3. Мультивариантный регрессионный анализ
Если новые значения зависят от нескольких старых переменных, стоит применить мультивариантный регрессионный анализ, который учитывает взаимодействие между несколькими переменными. Это поможет выявить, как каждая старая переменная влияет на новую.
model_combined <- lm(cbind(colA_new, colB_new, colC_new) ~ colA + colB + colC, data = dframe)
summary(model_combined)
Здесь cbind
объединяет новые переменные в один набор данных, чтобы сразу провести анализ для всех переменных.
4. Нейронные сети
При наличии большого объема данных стоит также рассмотреть использование нейронной сети. Каждое из старых значений можно использовать в качестве входных данных, а новые значения — в качестве целевых выходов. Для построения модели нейронной сети можно использовать пакеты, такие как keras
или nnet
в R.
library(keras)
# Здесь определите структуру модели, количество слоев и нейронов, а также функцию активации.

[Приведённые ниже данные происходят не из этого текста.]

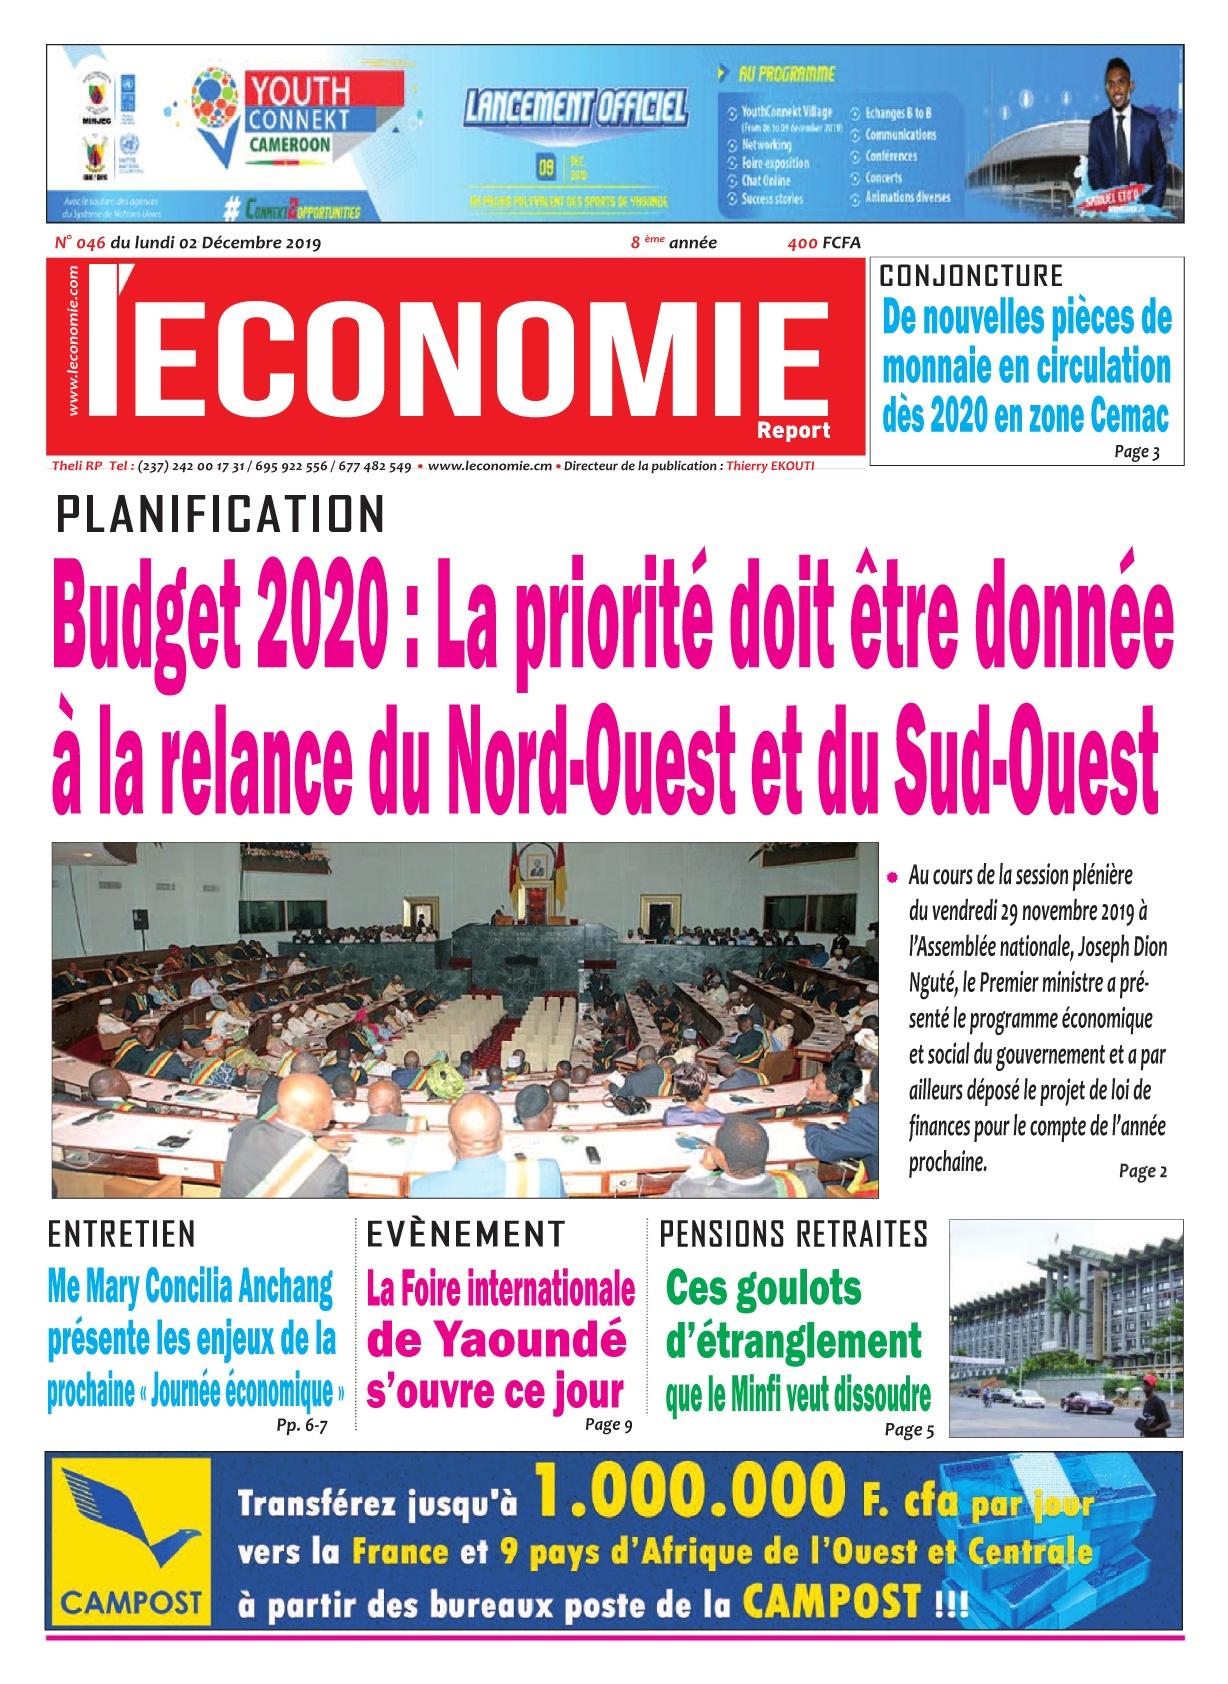 Le Quotidien de l'Economie - 02/12/2019

5. Обработка дополнительных переменных
Необходимо обратить внимание на последние два столбца, помеченные как NA
. Если эти данные несут информацию (например, категориальные переменные), их следует включить в анализ. Они могут существенно повлиять на результаты моделирования и взаимосвязи между значениями.
В заключение
Подход к решению задачи будет зависеть от выявленных взаимосвязей. Начинать стоит с анализа корреляции, а затем двигаться к более сложным моделям, если линейная зависимость не наблюдается. Использование нейронных сетей может быть оправдано при наличии большого объема данных. Не забудьте учитывать все доступные переменные, которые могут оказать влияние на результаты.